WORK TO BE COMPLETED: The answer must be an exact copy of the lines from the one with "Heather Grey - Anvil" through the final line below, with no pictures and nothing else.

ENTRIES SHOWN:
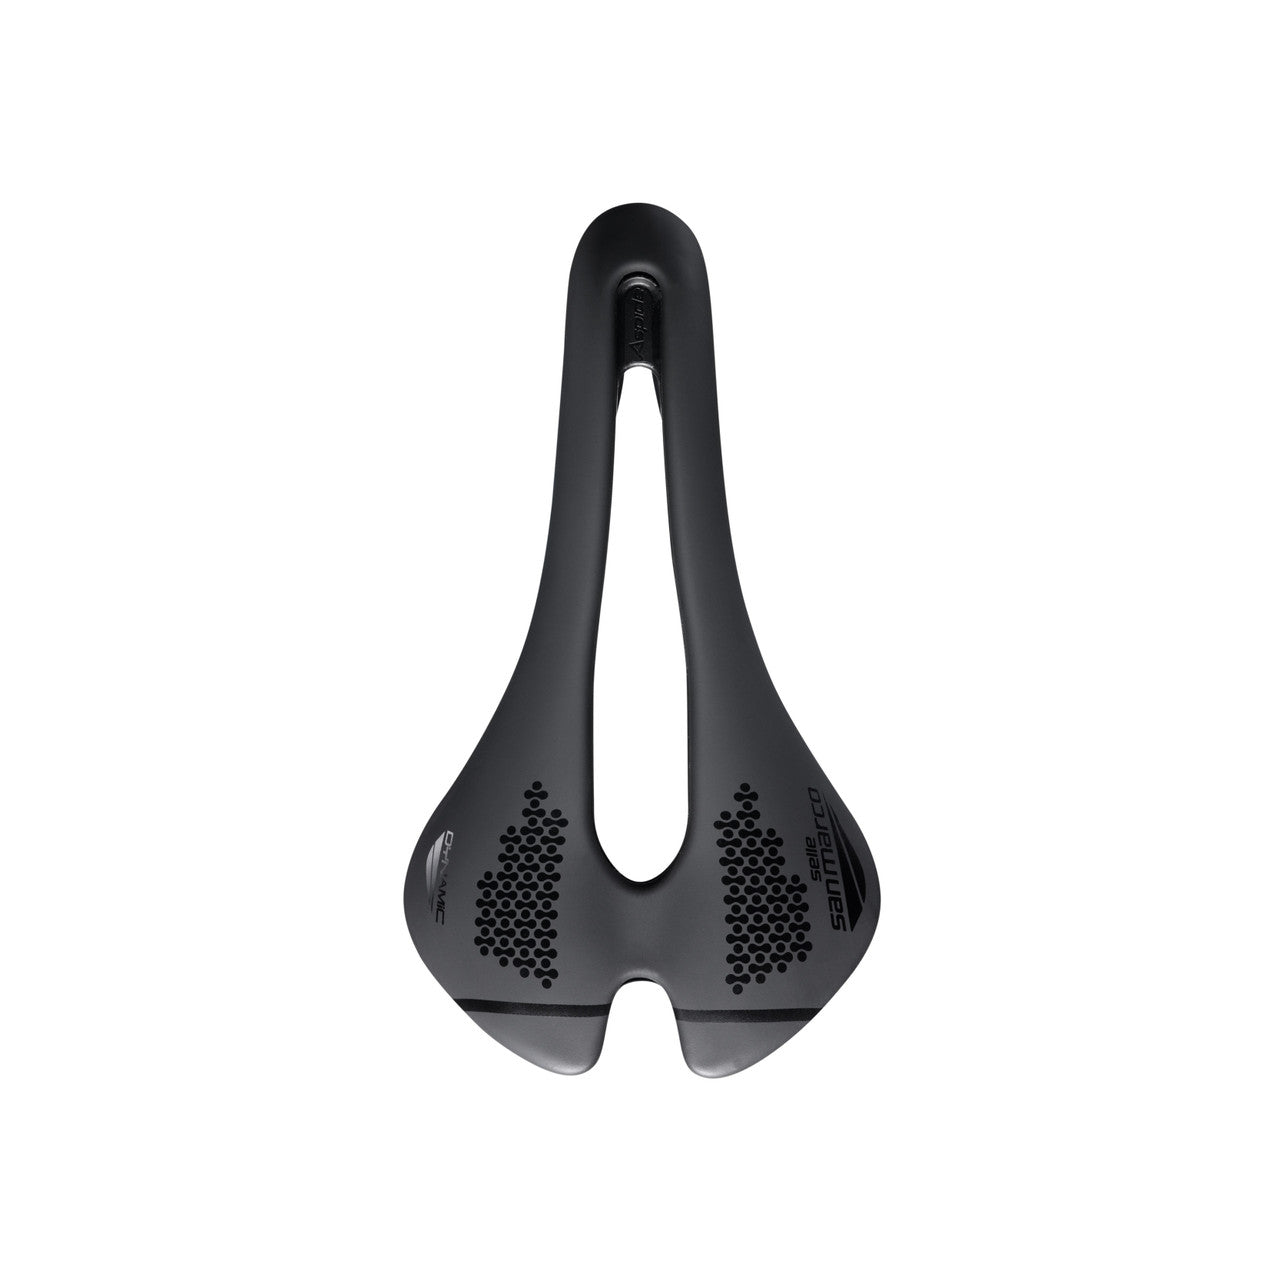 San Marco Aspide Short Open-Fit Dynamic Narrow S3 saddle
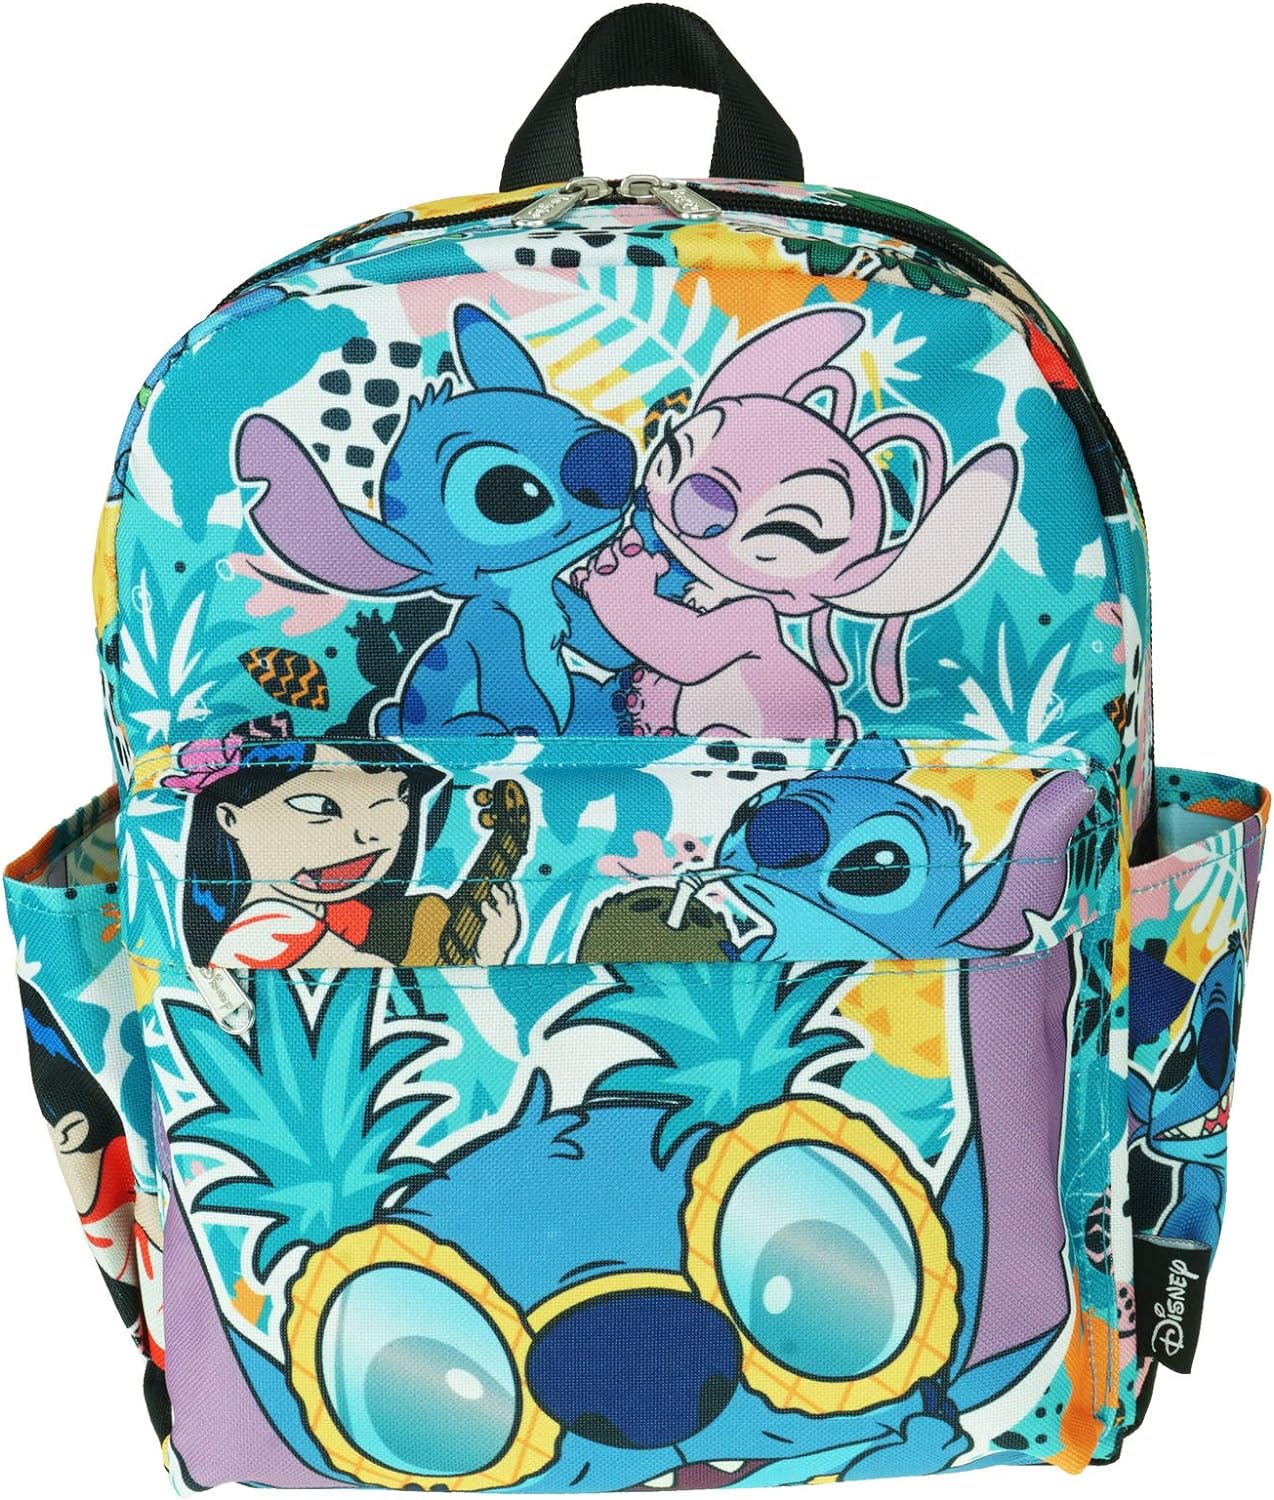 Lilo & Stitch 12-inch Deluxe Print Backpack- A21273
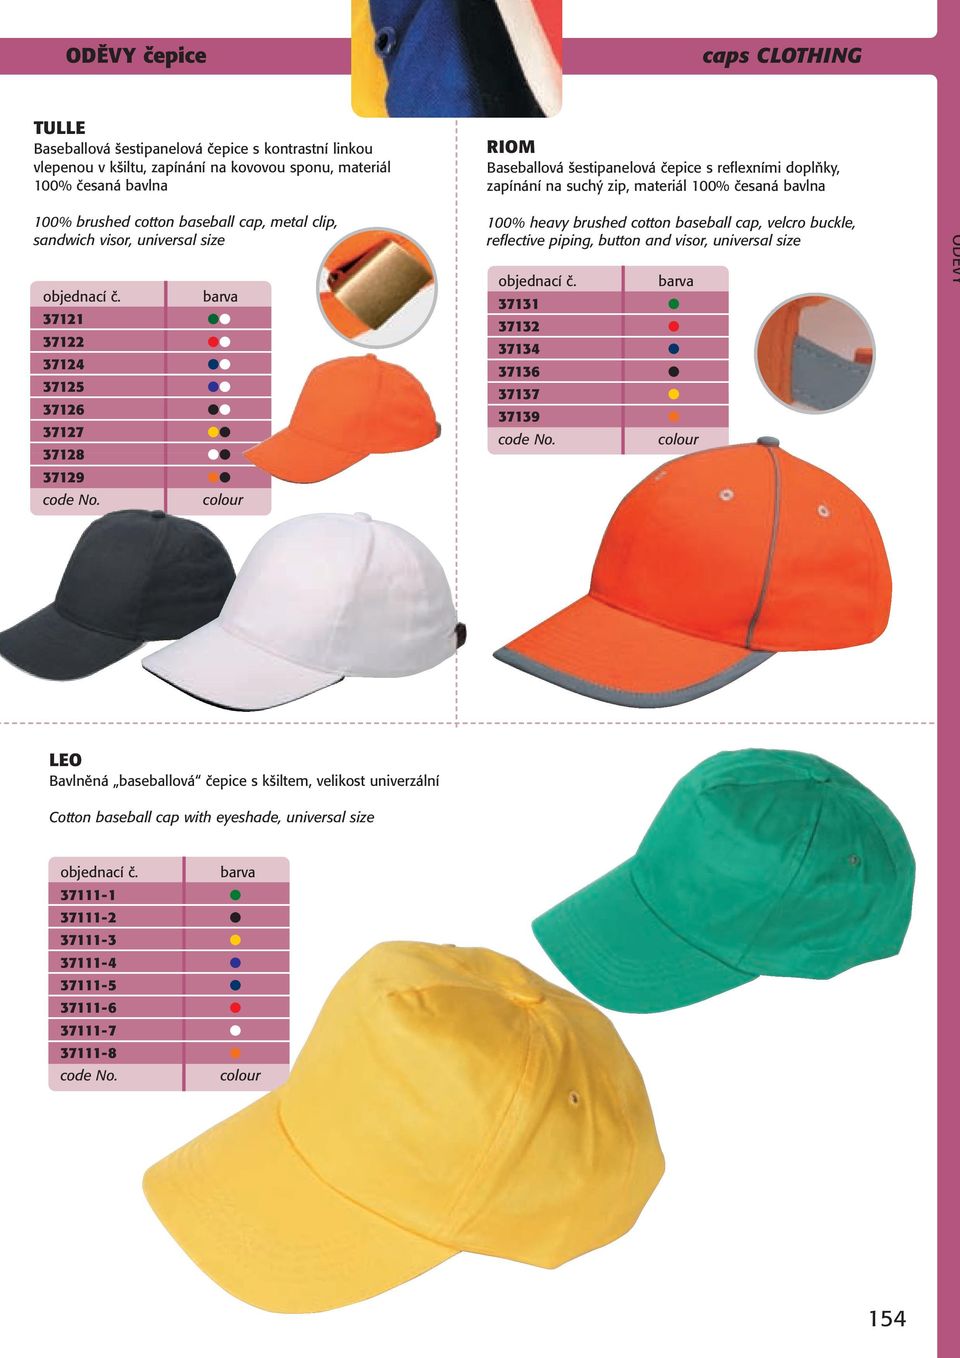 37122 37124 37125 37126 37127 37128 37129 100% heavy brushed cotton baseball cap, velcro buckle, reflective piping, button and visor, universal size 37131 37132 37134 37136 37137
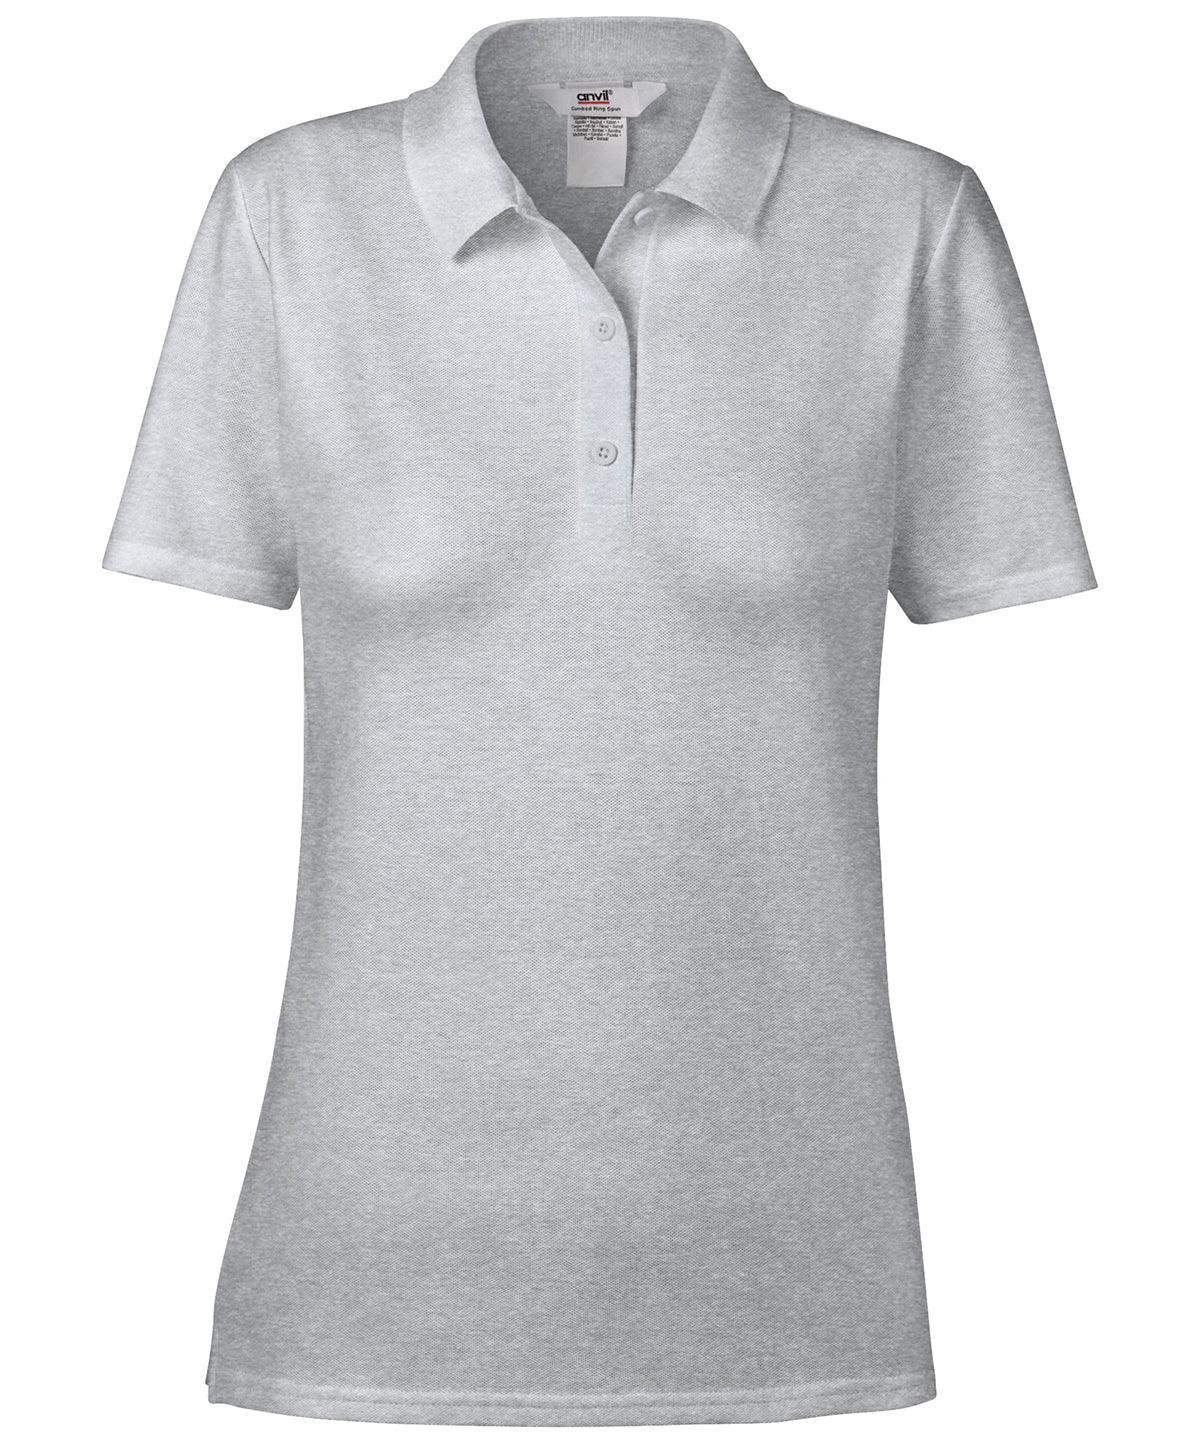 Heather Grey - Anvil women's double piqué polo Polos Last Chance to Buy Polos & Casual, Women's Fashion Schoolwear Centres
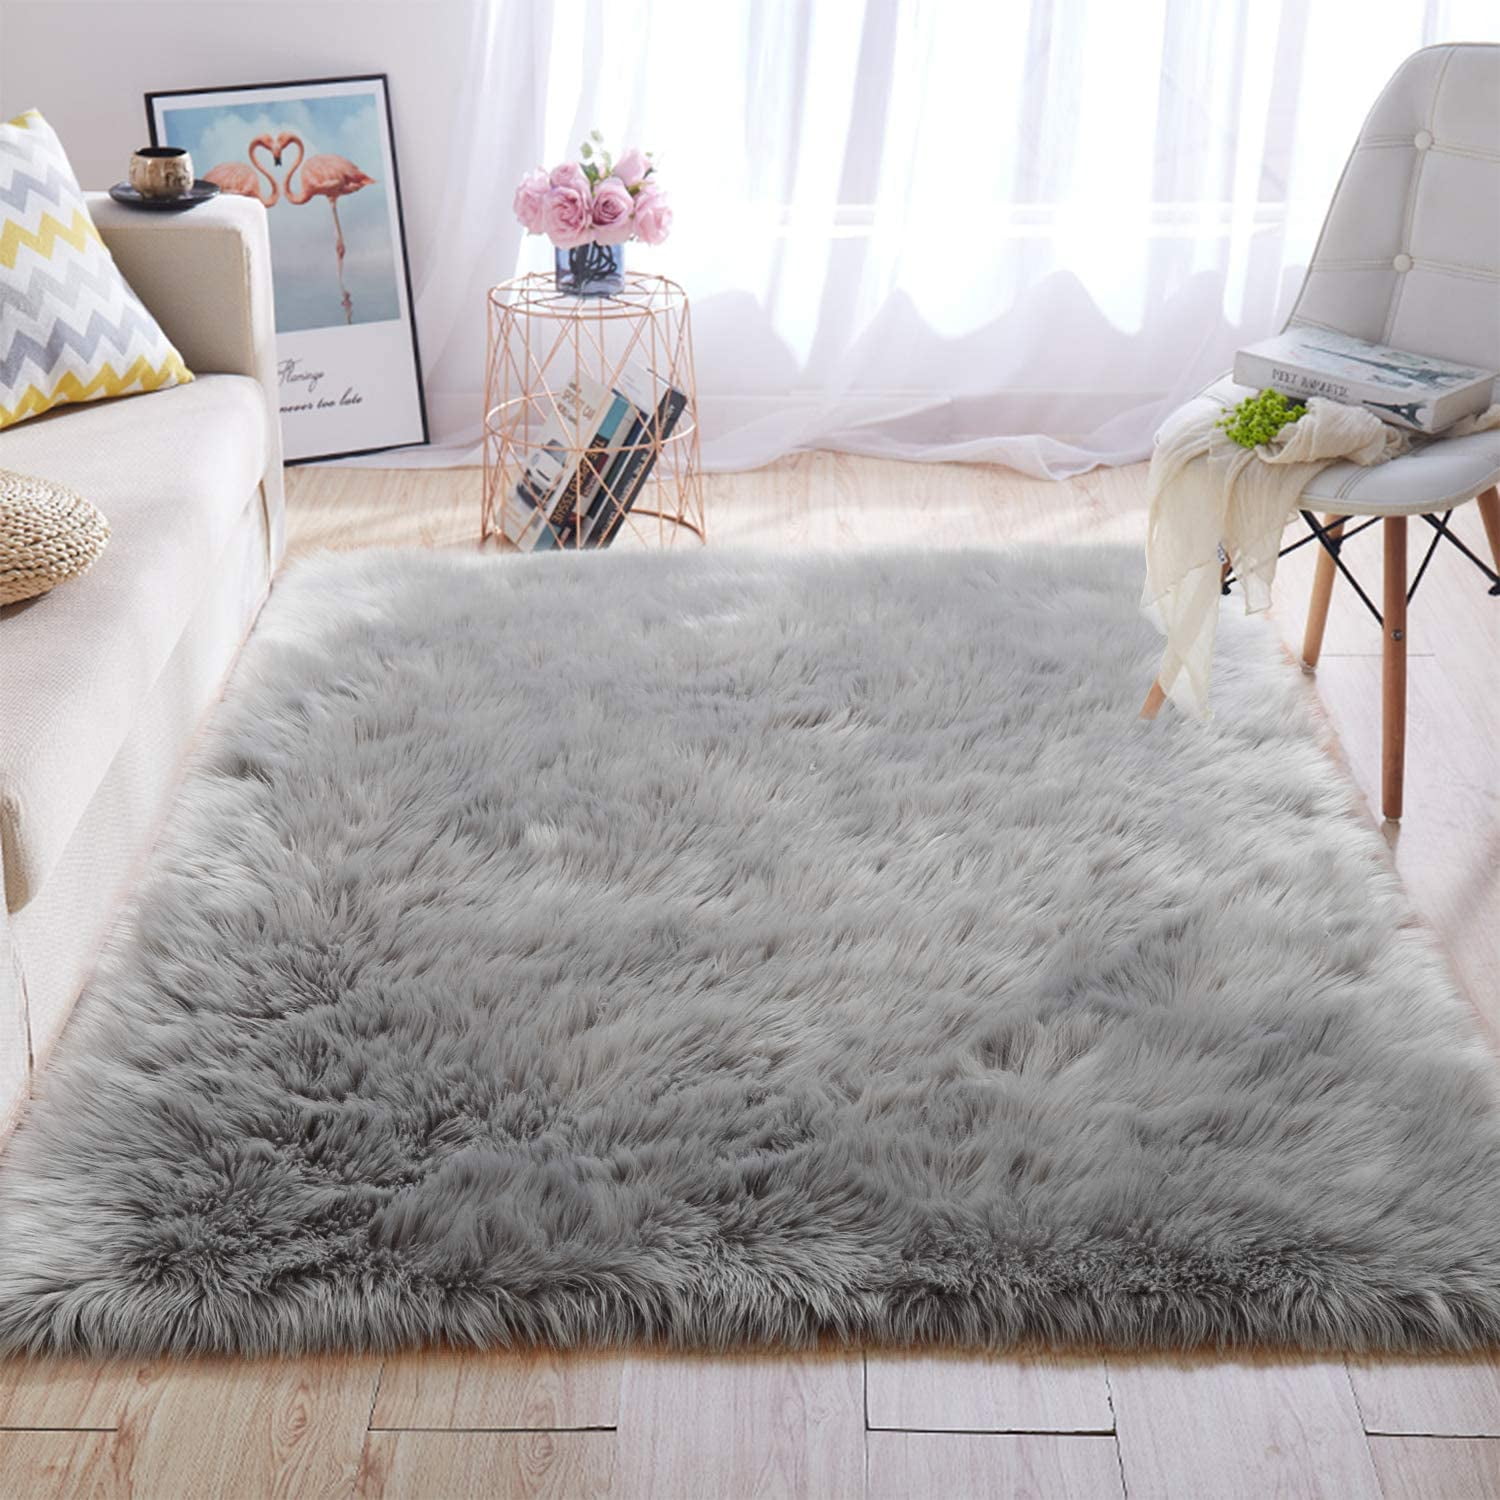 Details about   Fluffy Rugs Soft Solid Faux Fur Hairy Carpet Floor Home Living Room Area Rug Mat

SOLUTION:
 Heather Grey - Anvil women's double piqué polo Polos Last Chance to Buy Polos & Casual, Women's Fashion Schoolwear Centres
 Details about   Fluffy Rugs Soft Solid Faux Fur Hairy Carpet Floor Home Living Room Area Rug Mat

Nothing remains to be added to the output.